Department of Radiology, University of Groningen, University Medical Center of Groningen, 9713GZ Groningen, The Netherlands.
Department of Radiation Oncology, University of Groningen, University Medical Center of Groningen, 9713GZ Groningen, The Netherlands; Data Science in Health (DASH), University of Groningen, University Medical Center of Groningen, 9713GZ Groningen, The Netherlands.
Eur J Radiol. 2023 Oct;167:111067. doi: 10.1016/j.ejrad.2023.111067. Epub 2023 Aug 26.
To evaluate the performance of artificial intelligence (AI) software for automatic thoracic aortic diameter assessment in a heterogeneous cohort with low-dose, non-contrast chest computed tomography (CT).

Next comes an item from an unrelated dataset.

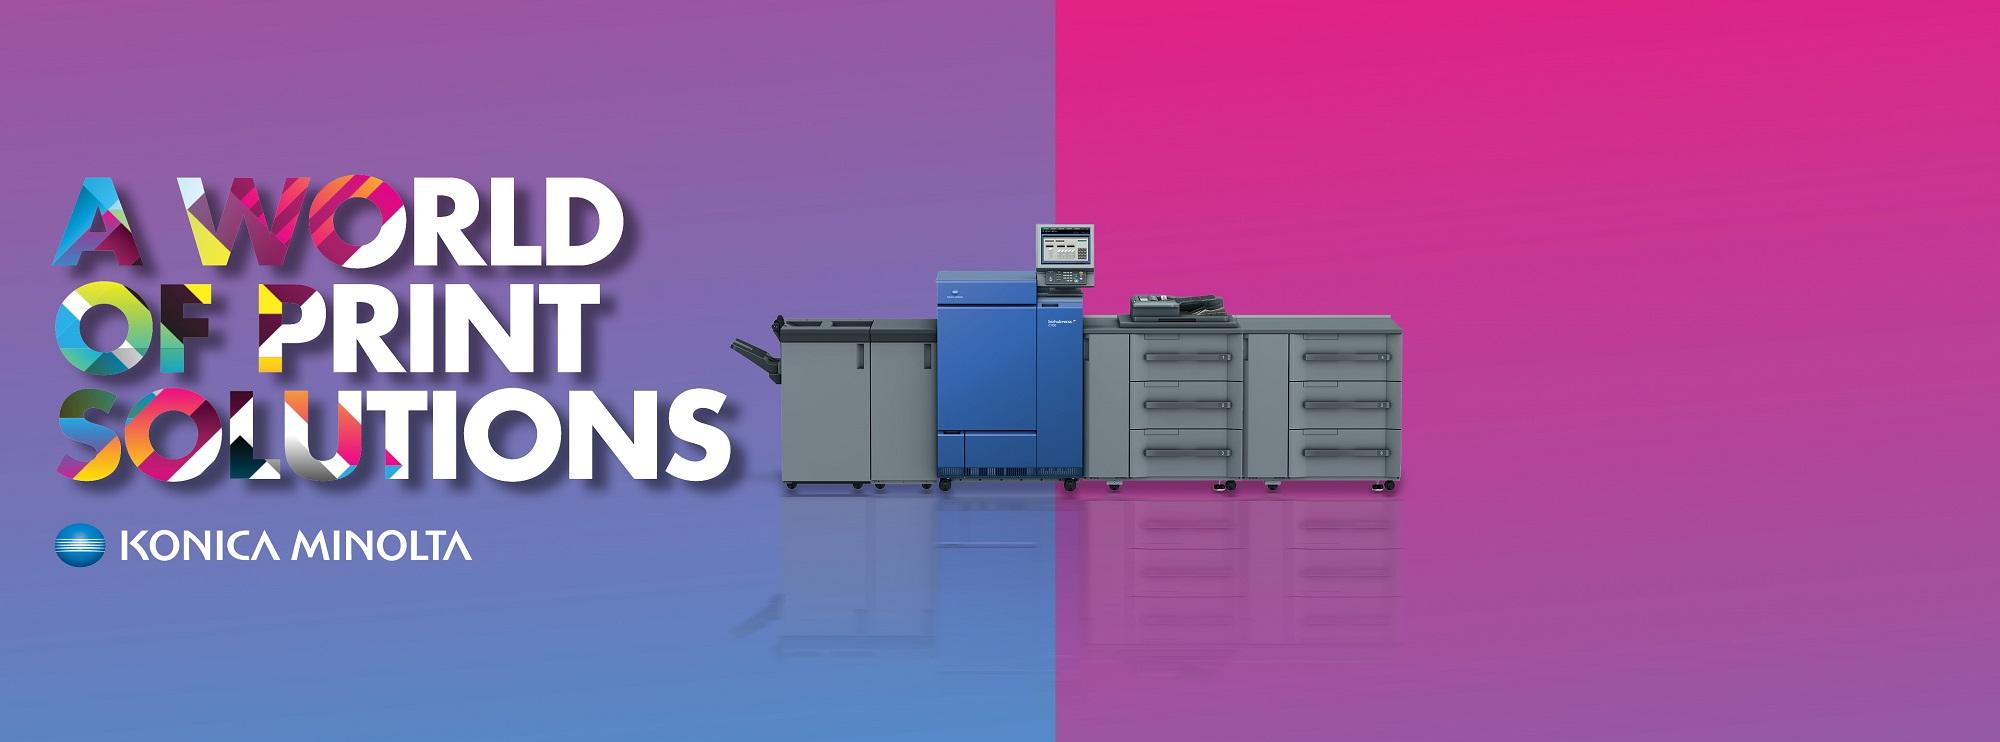 14 222 printers bunners 2000x7423 1, מדפסות לייזר צבע, מדפסות לייזר צבעוניות, מדפסות לייזר לעסק, מדפסות לייזר למשרד

Participants of the Imaging in Lifelines (ImaLife) study who underwent low-dose, non-contrast chest CT (August 2017-May 2022) were included using random samples of 80 participants <50y, ≥80y, and with thoracic aortic diameter ≥40 mm. AI-based aortic diameters at eight guideline compliant positions were compared with manual measurements. In 90 examinations (30 per group) diameters were reassessed for intra- and inter-reader variability, which was compared to discrepancy of the AI system using Bland-Altman analysis, paired samples t-testing and linear mixed models.
We analyzed 240 participants (63 ± 16 years; 50 % men). AI evaluation failed in 11 cases due to incorrect segmentation (4.6 %), leaving 229 cases for analysis. No difference was found in aortic diameter between manual and automatic measurements (32.7 ± 6.4 mm vs 32.7 ± 6.0 mm, p = 0.70). Bland-Altman analysis yielded no systematic bias and a repeatability coefficient of 4.0 mm for AI. Mean discrepancy of AI (1.3 ± 1.6 mm) was comparable to inter-reader variability (1.4 ± 1.4 mm); only at the proximal aortic arch showed AI higher discrepancy (2.0 ± 1.8 mm vs 0.9 ± 0.9 mm, p < 0.001). No difference between AI discrepancy and inter-reader variability was found for any subgroup (all: p > 0.05).
The AI software can accurately measure thoracic aortic diameters, with discrepancy to a human reader similar to inter-reader variability in a range from normal to dilated aortas.
评估人工智能 (AI) 软件在低剂量非对比胸部 CT 检查的异质队列中自动评估胸主动脉直径的性能。
使用低剂量非对比胸部 CT(2017 年 8 月至 2022 年 5 月)的 Imaging in Lifelines(ImaLife)研究参与者的随机样本,包括 80 名年龄 <50 岁、≥80 岁和胸主动脉直径≥40mm 的参与者。比较了基于 AI 的 8 个指南一致位置的主动脉直径与手动测量值。在 90 次检查(每组 30 次)中,对观察者内和观察者间变异性进行了重新评估,并通过 Bland-Altman 分析、配对样本 t 检验和线性混合模型比较与 AI 系统差异。
我们分析了 240 名参与者(63±16 岁;50%为男性)。由于分割不正确(4.6%),AI 评估在 11 例中失败,留下 229 例进行分析。手动和自动测量的主动脉直径没有差异(32.7±6.4mm 与 32.7±6.0mm,p=0.70)。Bland-Altman 分析未发现系统偏差,AI 的重复性系数为 4.0mm。AI 的平均差异(1.3±1.6mm)与观察者间变异性相当(1.4±1.4mm);仅在主动脉弓近端显示 AI 差异更大(2.0±1.8mm 与 0.9±0.9mm,p<0.001)。在任何亚组中,AI 差异与观察者间变异性均无差异(所有:p>0.05)。
AI 软件可以准确测量胸主动脉直径,与人工读者的差异与正常至扩张主动脉范围内的观察者间变异性相似。